*Data shown*:
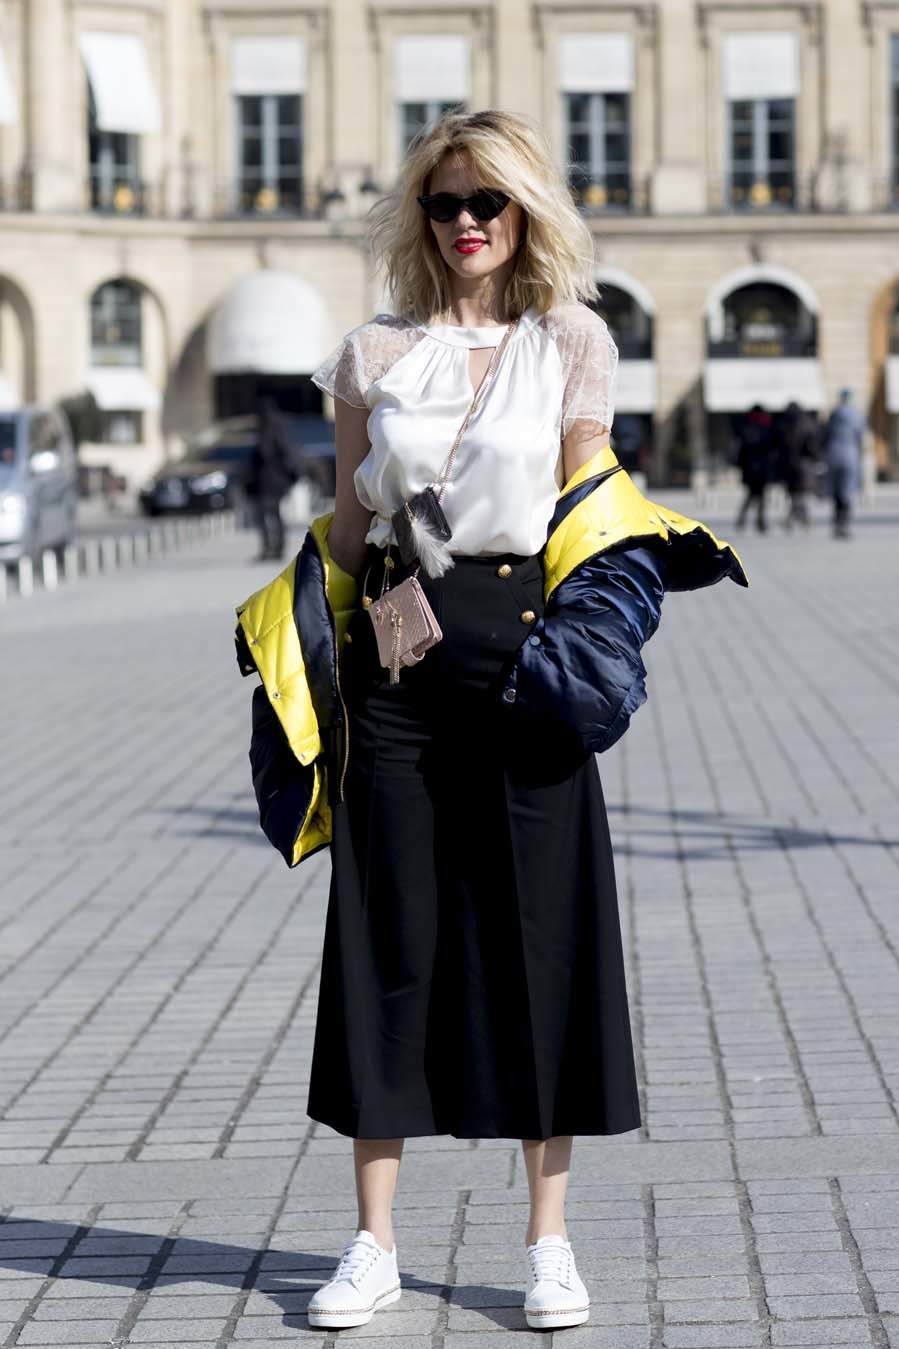 Con falda midi azul marino y blusa con transparencias, dándole un...
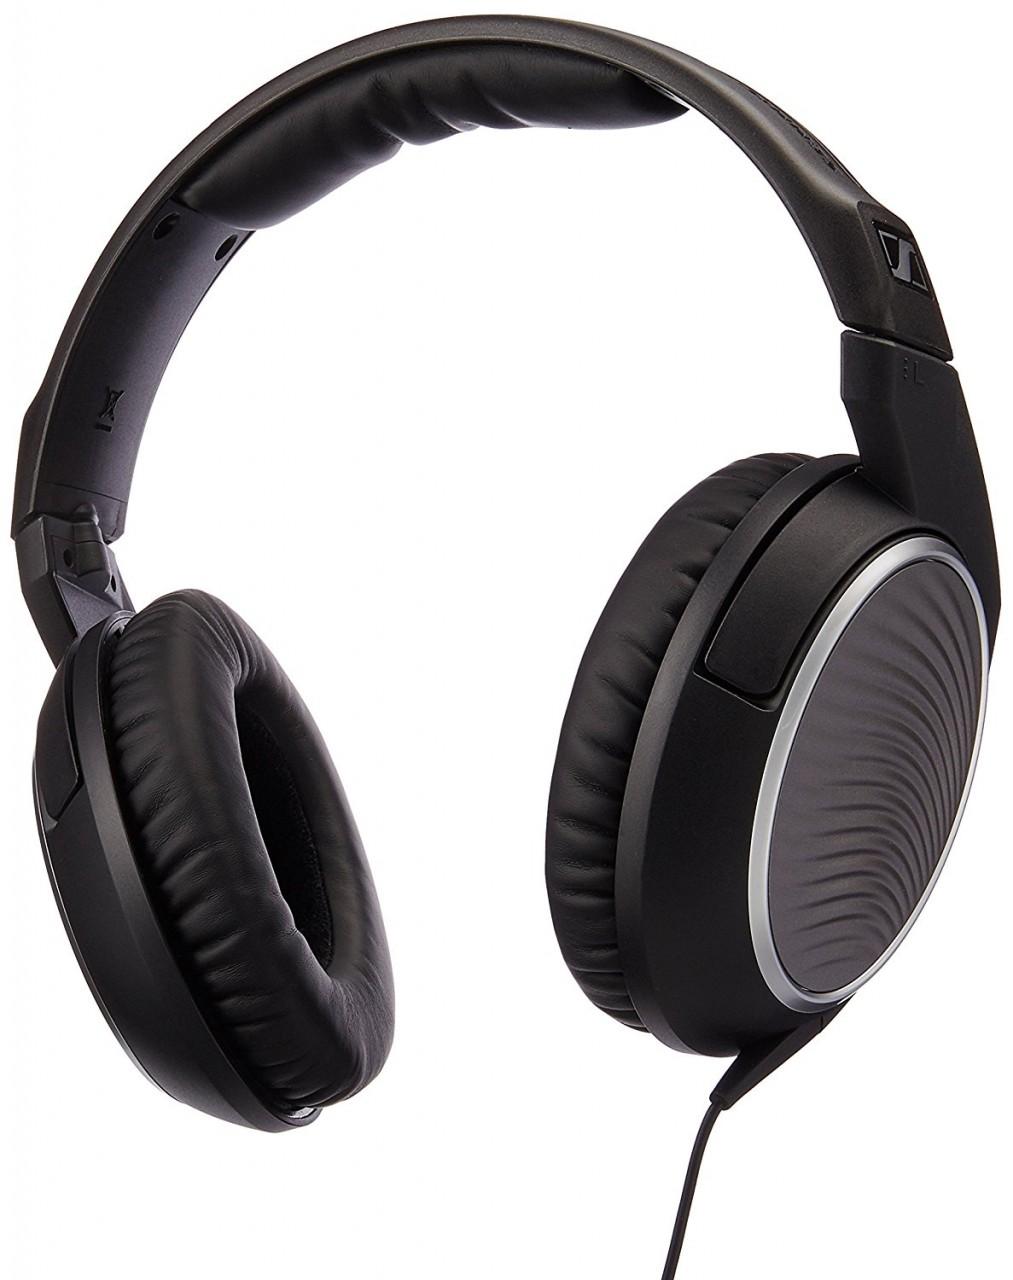 Sennheiser earbuds galaxy - sennheiser earphones with microphone
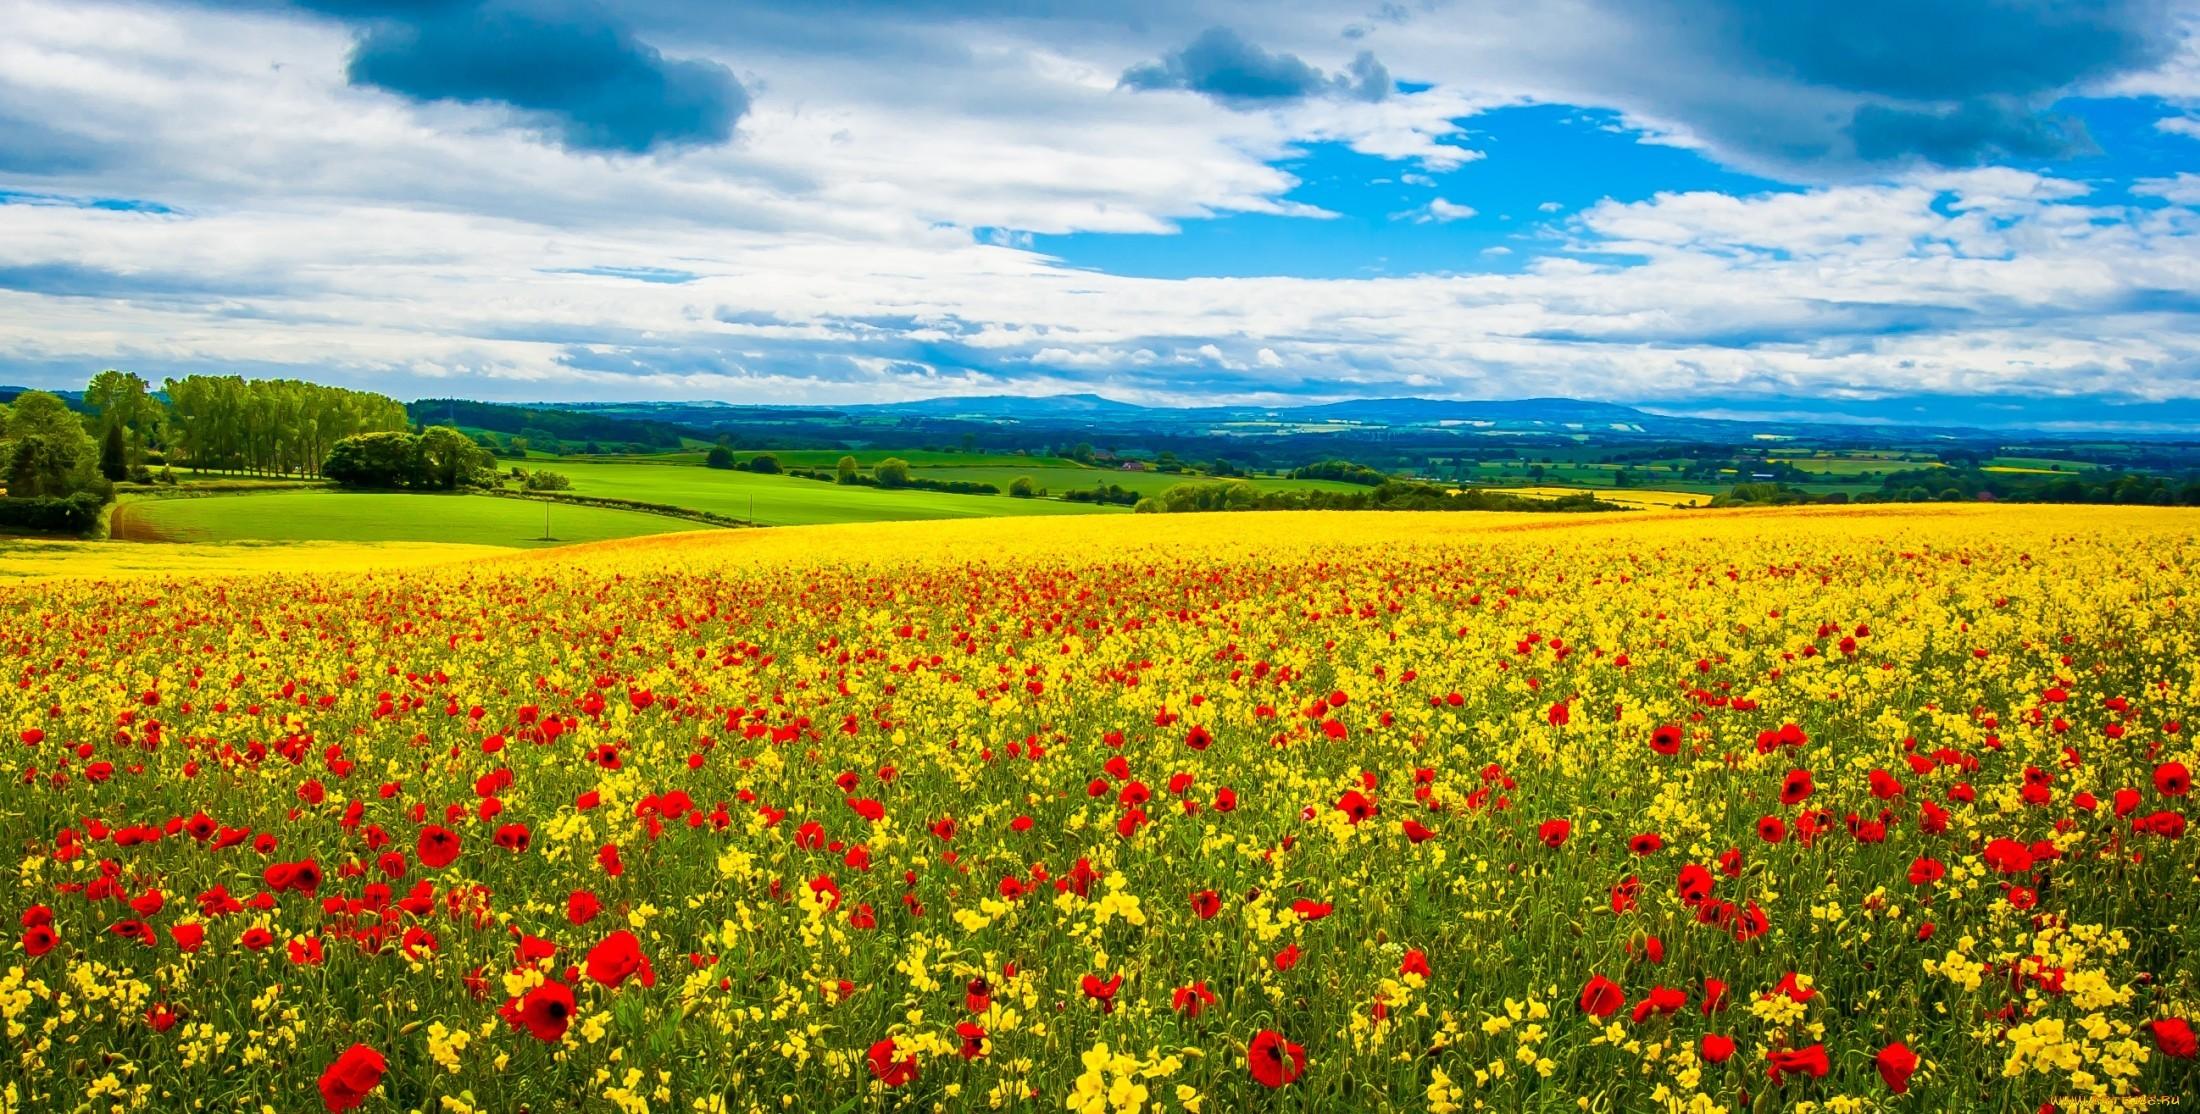 17943 скачать обои Пейзаж, Поля, Небо, Маки, Облака - заставки и картинки бесплатно

*The problem*: Repeat each line of the material exactly, please, and skip every picture.

*Your response*:
 Con falda midi azul marino y blusa con transparencias, dándole un...
 Sennheiser earbuds galaxy - sennheiser earphones with microphone
 17943 скачать обои Пейзаж, Поля, Небо, Маки, Облака - заставки и картинки бесплатно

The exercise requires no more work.